The Politics of Healthcare

Patricia A. Kelly

The election is still coming and, although we’re presently arguing over putting lipstick on a pig, there are some important issues involved.

 

Healthcare in America is in crisis. According to a recent article in AARP, 56 million Americans have inadequate access to primary care. With all the talk about universal health coverage, where will people get referrals to specialists for needed care if they have no primary physician to provide them?

 

Primary care physicians face insurance and Medicare-related limits on patient billing, mountains of insurance paperwork and incomes significantly less that their specialist peers. They make money through playing a numbers game with their patients, working long hours and spending little time with each.

 

Emergency departments absorb their overflow, with overwhelmed triage nurses making decisions about who needs care most urgently. Waits of many hours are common among those seeking care.

 

Emergency care is designed to be just that – short term, life saving or symptom relieving treatment, meant to be followed up by a physician acquainted with the patient.
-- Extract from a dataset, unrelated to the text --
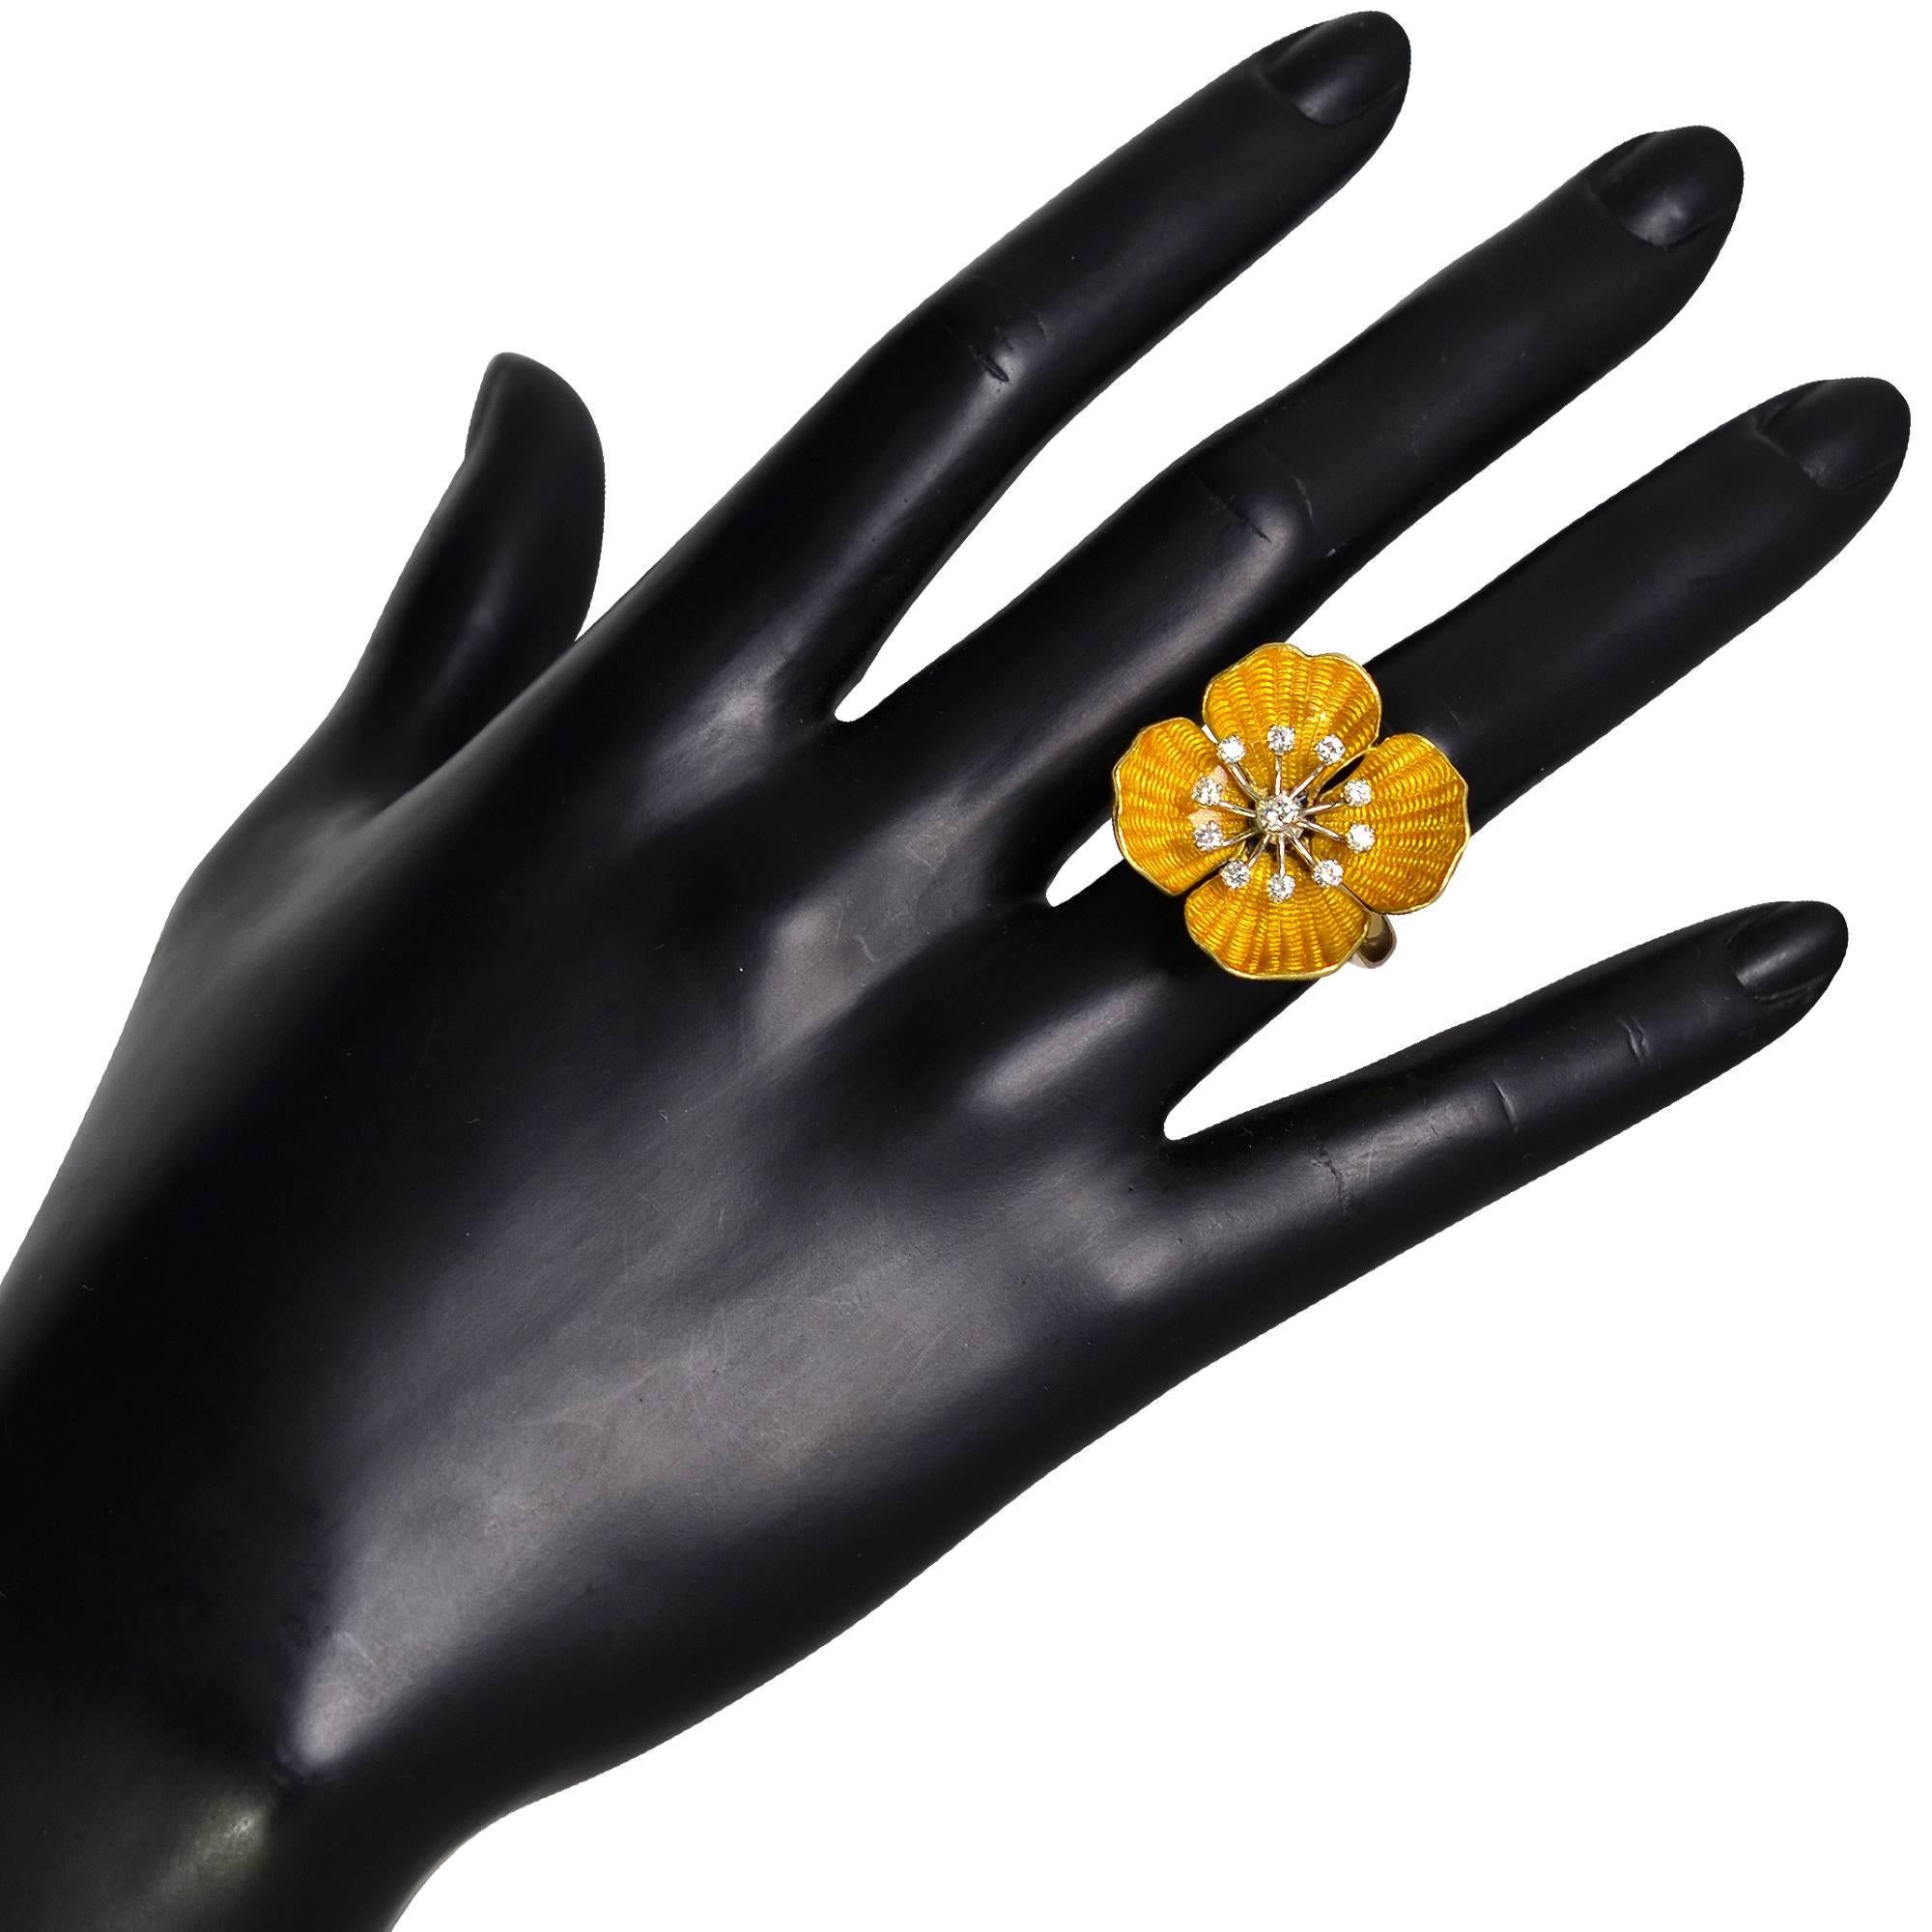 Whimsical 18K yellow gold  flower cocktail ring showcasing 11 round brilliant cut diamonds weighing approximately .50cts F-G color and VS1-2 clarity surrounded by 4 gold petals adorned with vibrant orangey yellow enamel. The ring is currently a size

If a primary physician’s case load is 2,000 patients, how well will he or she know anyone?

 

A recent article in the Journal of the American College of Emergency Physicians reports that relatively few patients understand their discharge instructions. Worse yet, very few realize that they don’t understand them.

 

Insurance companies not only decide what can be charged for physician services, but what tests will be reimbursed. So, in some cases, they are the ones practicing the medicine. In any case, if no one has time to thoroughly assess the patient, a battery of expensive tests is a logical choice.

 

If the tests aren’t done and there is a poor outcome, then the physician faces litigation. So, a case might be made that malpractice attorneys are the driving force behind medical practice.

 

Of course, the very expensive tests, not to mention lawsuits, cost a lot of money, so the insurance companies have to raise their rates and cut expenses. To accommodate this, they reduce reimbursement to the physicians, and so on, and so on.

 

In the emergency setting, the physician encounters an unknown patient who is near death. The team resuscitates the patient, puts him on life support and sends him to the ICU. We are definitely good at life support in the U.S.

 

Many specialists converge, each assigned to his own body system, and each working assiduously to keep that body system going. In talking with family, they discuss that system, and what could be done to benefit it.

 

Artificial life support can prolong the life of even a terminally ill patient for a quite awhile. At the end, if he is terminal, or, if he contracts a lethal infection in the hospital, after possibly hundreds of thousands of dollars of expenditure, (making insurance rates rise yet again), the patient dies.

 

Sometimes there are meetings where family and physicians get together to discuss the likely outcome for the patient. But, for the most part, that is left as a black hole in the middle of the room that all attempt to avoid falling into. In Palliative Care, they call it the elephant in the middle of the room.

 

Add to this the American tendency to ask for immediate gratification, preferably in the form of a small, easy to swallow pill. The fact that physicians only rarely censure one of their own, or require re-training for inadequate practitioners, creates our very effective recipe for disaster.

 

According to Cokie Roberts, drastic change will not be occurring in the immediate future. John McCain and Barack Obama each have a plan, with Senator McCain’s being the more radical.

 

John McCain wants to hold down costs and provide flexibility, with patients purchasing their own insurance, not employers. He hopes that this will lead to higher salaries. VA benefits would expand, but other public programs would remain unchanged.

 

Barack Obama proposes closer to universal coverage, more of a public/private insurance partnership, with children guaranteed coverage.

 

I hope we can come up with something. We’re definitely rowing down the river. We just haven’t quite gone over the falls – yet.